In early 2024, most software engineers were using large AI models as chatbot assistants, answering questions or generating small pieces of code on request. In addition, smaller language models were powering code autocompletion tools in code editors, speeding up the writing of new code.

However, software engineers spend most of their time not writing new code, but rather fixing bugs and implementing features in existing codebases, often comprising tens or hundreds of thousands of lines of code. This means that a large amount of time is spent understanding the codebase, finding the correct place to make changes, and making small-scale modifications. The simple AI tools of early 2024 were not well-suited to this task.

To address this gap, we built SWE-agent. Mimicking the workflow of human engineers, SWE-agent uses tools to perform tasks, working incrementally toward complicated goals. In order to autonomously fix bugs and implement complex features in large software repositories, SWE-agent takes time to navigate the codebase, read select files, and finally make modifications, before testing and validating the changes.

SWE-agent was the first open-source system to score significantly on the SWE-bench benchmark that assesses the performance of AI systems on real-world software engineering tasks. Since the initial release in April 2024, SWE-agent has continued to evolve and regularly ranks at the top of the SWE-bench leaderboard while maintaining a lightweight and accessible design.

SWE-agent enables your language model of choice to use tools to fix issues in real GitHub repositories, find cybersecurity vulnerabilities, or perform any custom task.

It was the first open-source system to significantly score on SWE-bench, far outperforming RAG baselines and creating a breakthrough for agentic AI in software engineering.

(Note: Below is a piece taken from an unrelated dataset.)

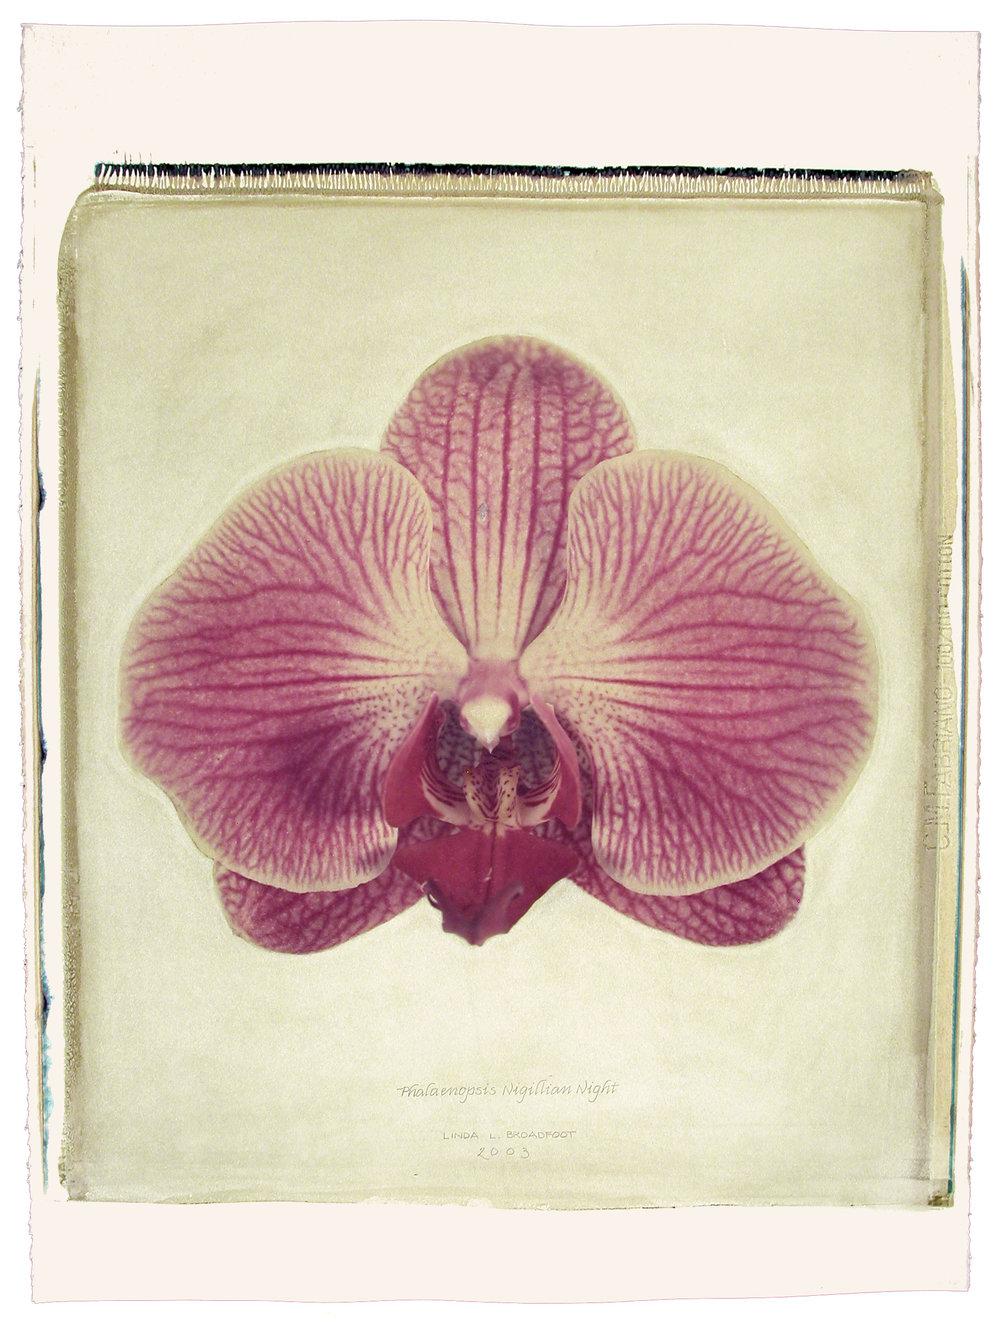 Phalaenopsis  (Nigillian Night), 2003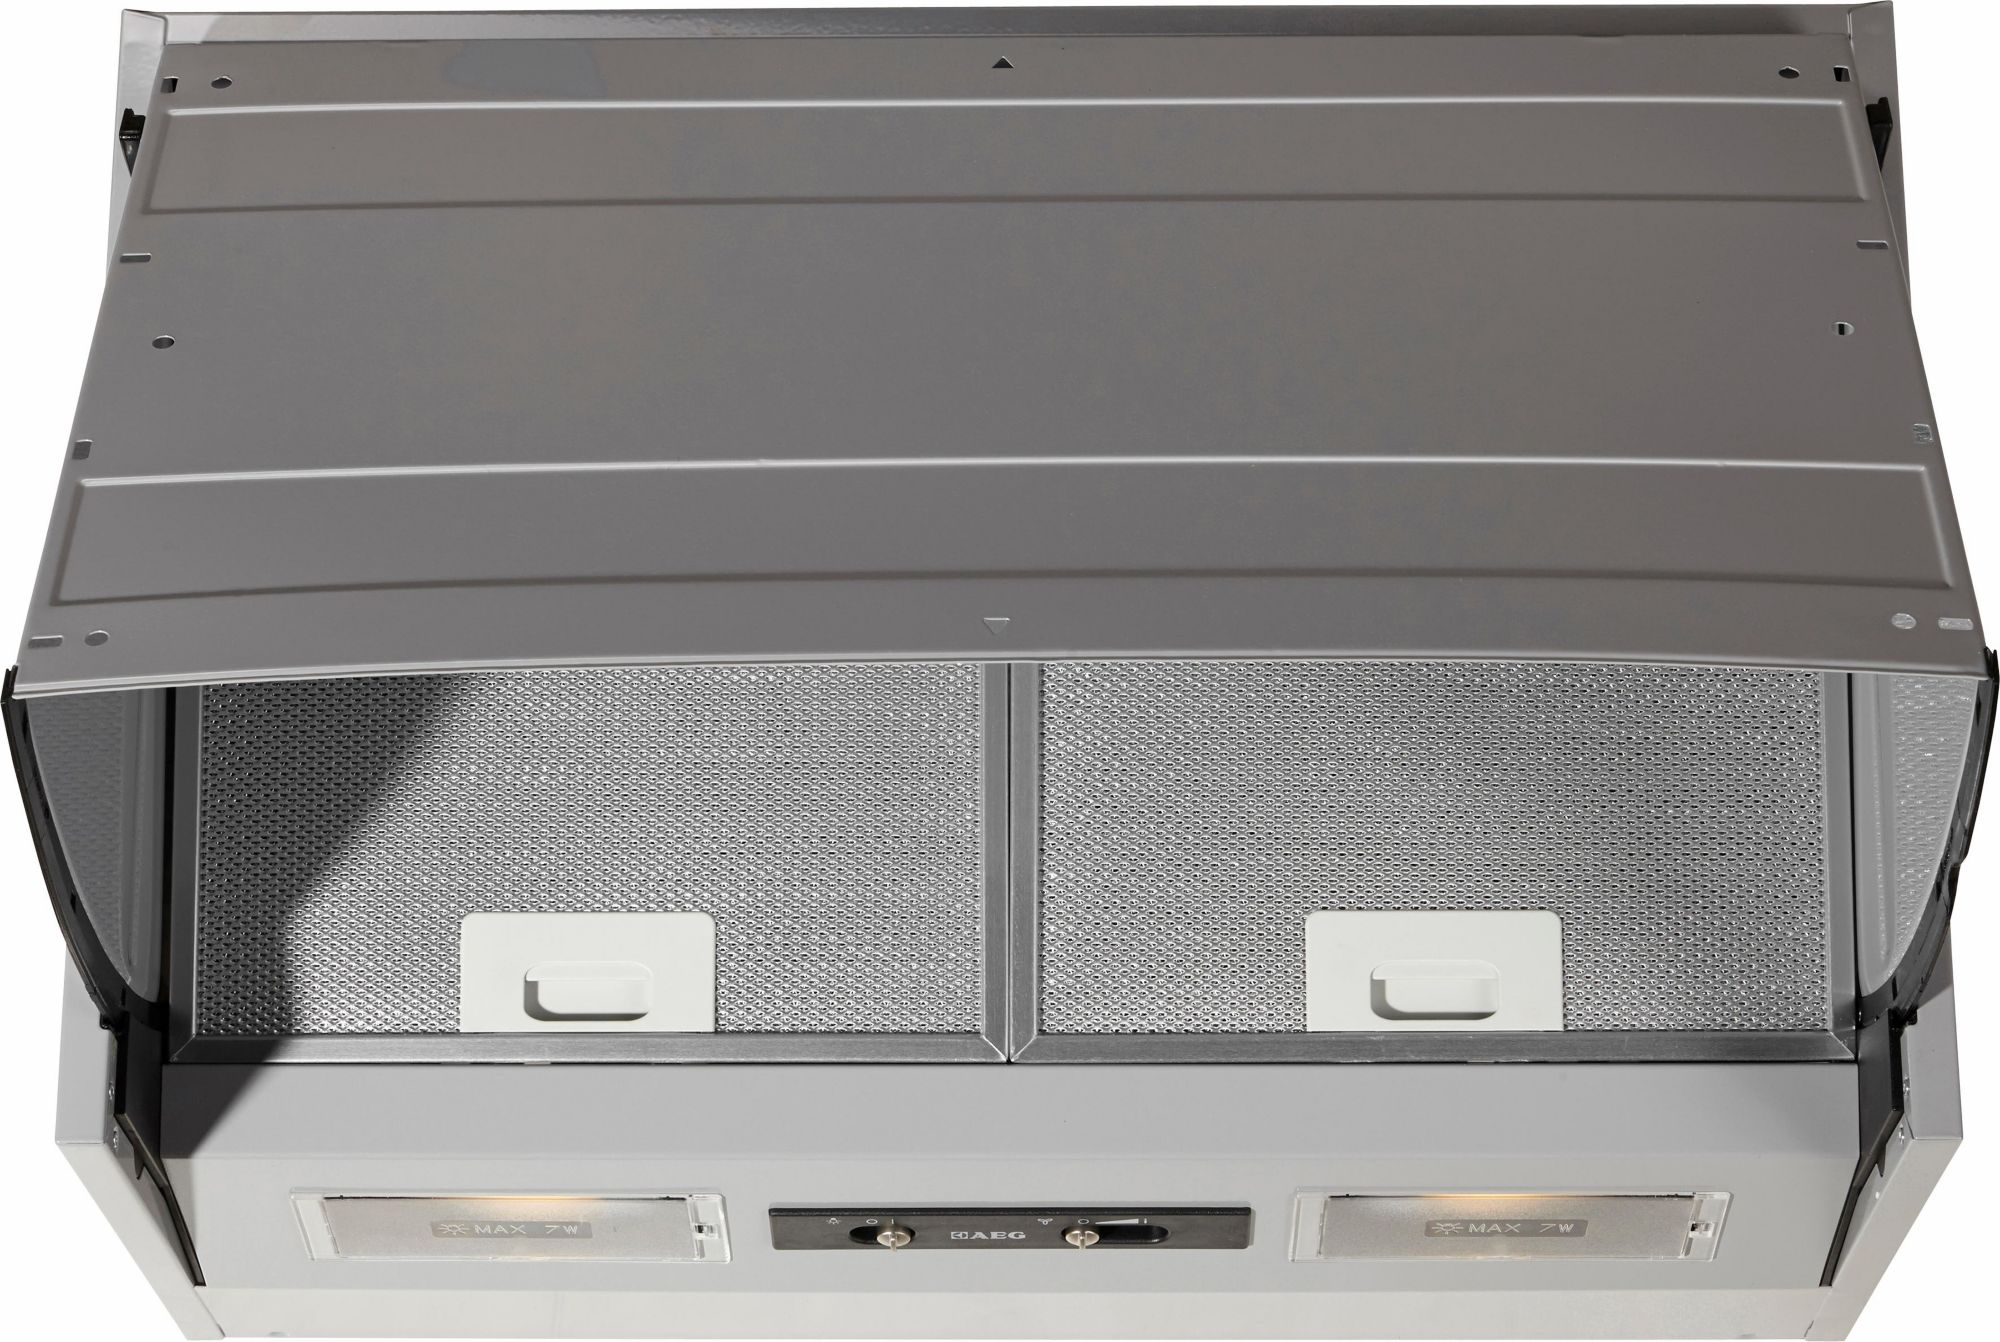 aeg einbau dunstabzugshaube competence x56342se10 d schwab versand zwischenbauhauben. Black Bedroom Furniture Sets. Home Design Ideas

Released just days after the commercial equivalent project Devin showed its first public demo, we demonstrated that a simple open-source system with optimized agent tooling could perform similarly (if not better) than a well-funded company's demo, democratizing access to AI-powered software engineering capabilities.

The central innovation discussed in our paper is the design and optimization of the agent-computer interface (ACI) that allows the language model to effectively navigate, understand, and modify large codebases. This includes custom shell commands, file editing interfaces, and feedback mechanisms.

Since the initial release in April 2024, development has never stopped, and SWE-agent still regularly ranks at the top of the SWE-bench leaderboard while maintaining a lightweight, modular architecture that makes it easy to extend and customize for different use cases.